Этого еще не хватало! Интендант заохал, свалился на дорогу. Мы остановились.
— Что будем делать, Полищук? — спросил я.
— Кто ее знает? Ни тебе санбата, ни родного брата. Сердце, что ли, у него зашлось?
Окружив лежавшего, немцы горготали по-своему, то ли ругали, то ли уговаривали, оглядываясь на меня. Фельдфебель что-то объяснял мне, да черта ли поймешь вас? Понятно, надо увезти этого борова, а как я его увезу?
Фельдфебель начертил на дороге две длинных палки и две коротких поперечных. Понятно: носилки. Хрен с вами, делайте. С какого черта прихватило этот мешок кишок? Нашел время заболеть, и черта ли у него там, понос не понос? Какие тут могут быть болезни? За всю войну, кроме поноса, никакой другой болезни мы не знали. Ну еще, конечно, по бабьей части кто приварит. А у этого вроде признаков ни того, ни другого. Немец он и есть немец, и болезнь у него нерусская.
Носилки они смозговали быстро: саперы. Вытащили из прясла две жерди, накрутили березовых веток, несколько раз перевязали поперек. Нашли где-то пару гвоздей, приколотили распорины. Распоряжался фельдфебель. Засучив рукава, он и плел все, ворочая толстыми жиловатыми руками.
Интенданта еще раз напоили — пока делали носилки, в колодце набралось воды — и понесли: двое спереди, двое сзади. Метров через двести менялись: тяжелый мужчина. Когда его трясли, он пристанывал, охал. Фельдфебель на него цыкал: «Заткнись!» Лежал интендант на спине, толстое брюхо его колыхалось в такт шагам несущих.
Дорога до следующей деревни спускалась, и мы дошли до нее без остановки, тем более, место было голое, того и гляди налетит «рама», начнет кидать чемоданы с гранатами.

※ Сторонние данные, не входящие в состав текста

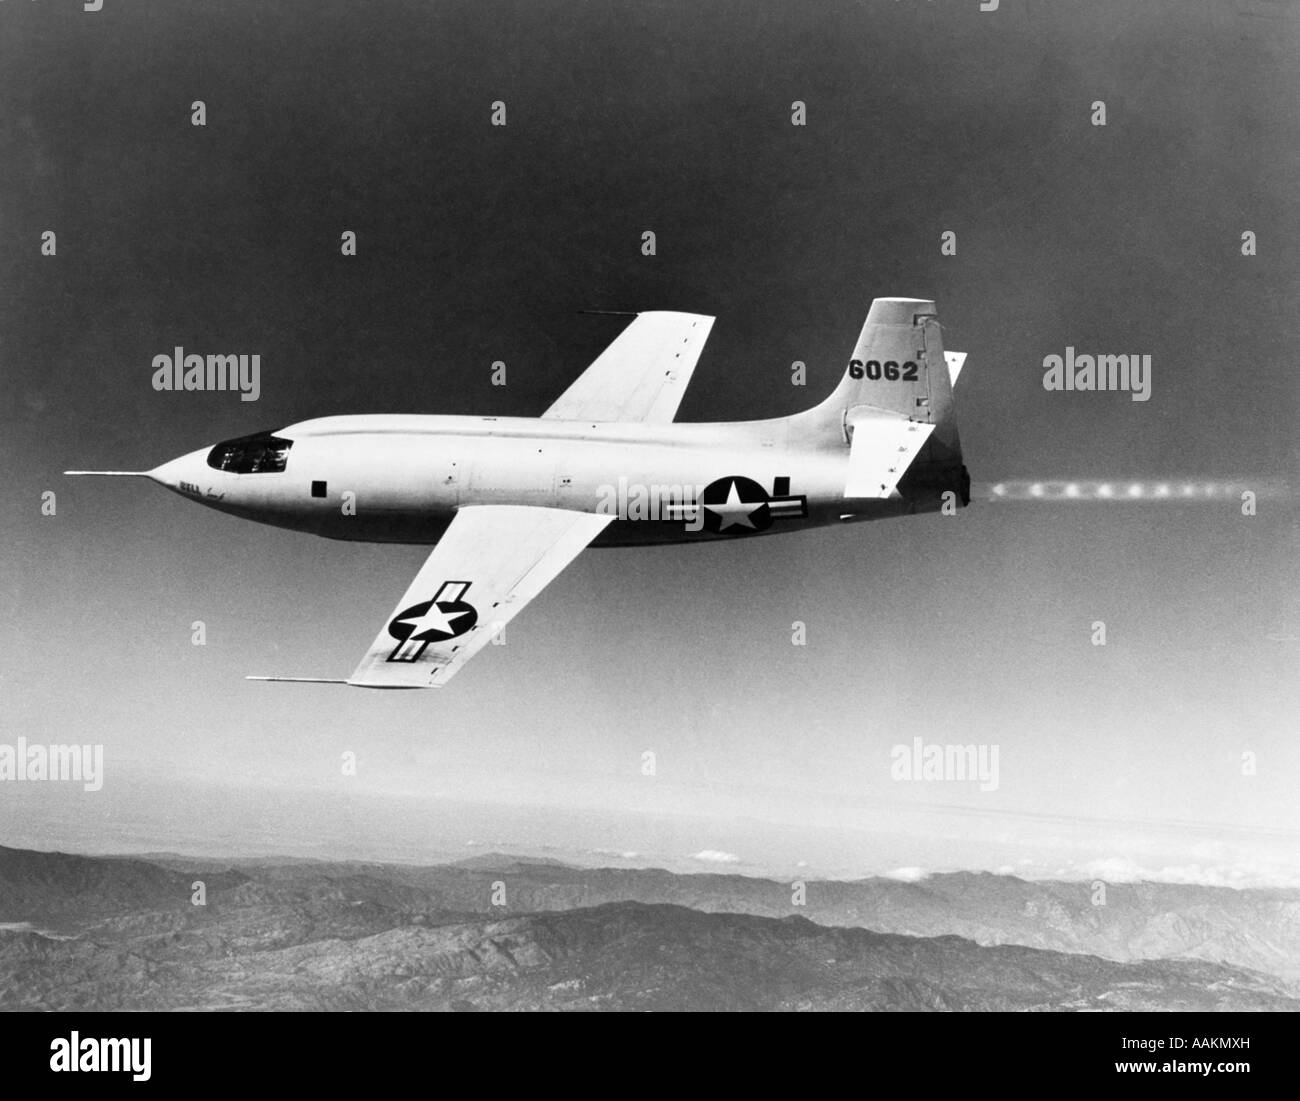 1940S 1950S BELL X-1 US AIR FORCE ÜBERSCHALL FLUGZEUG ENTWORFEN FÜR MAXIMALE GESCHWINDIGKEIT VON 1700 KM/H AUF DER FLUCHT Stockfoto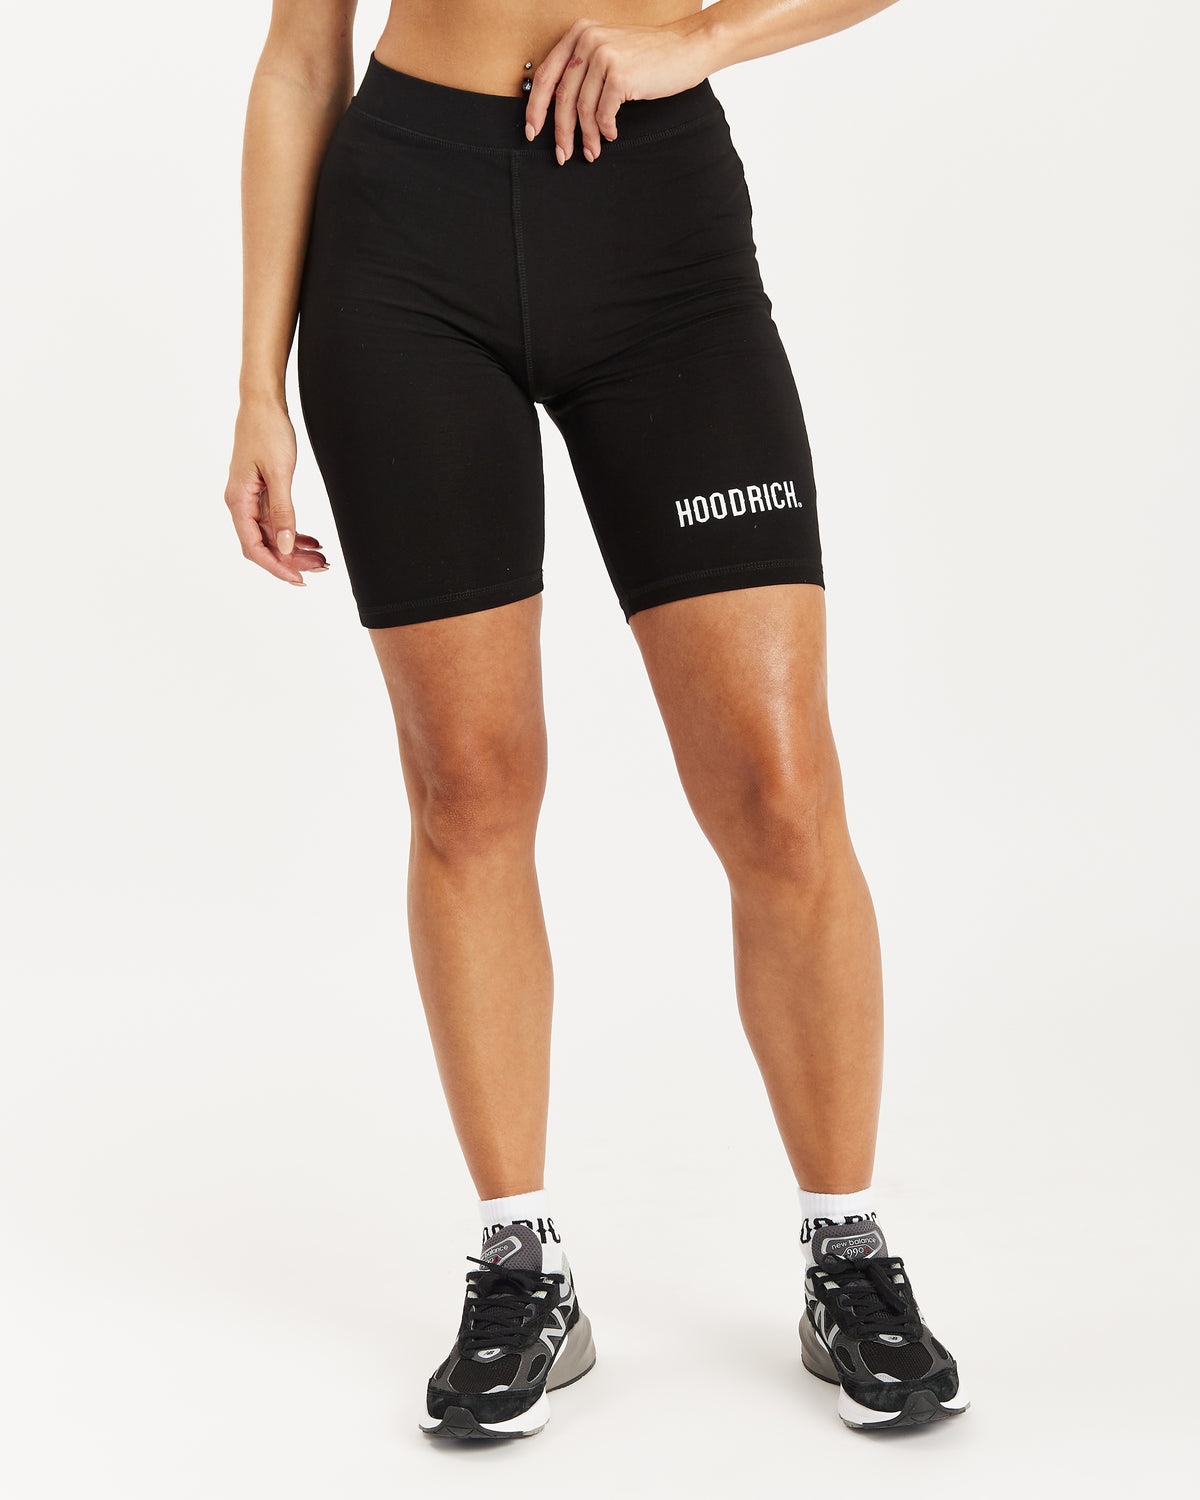 OG Core Cycling Shorts - Black/White

Жарило, вороны на березах сидели, растопырив черные клювастые рты. Я поднимал руку проходящим машинам, но никто не остановился: шофера боялись останавливаться на голом месте. Передовая гудела, из-под низа били тяжелые пушки. Через наши головы, посвистывая, пролетали снаряды и рвались внизу, где проходила шоссейная дорога. Однако было тут уже потише: все же от передовой мы отшагали километров пятнадцать.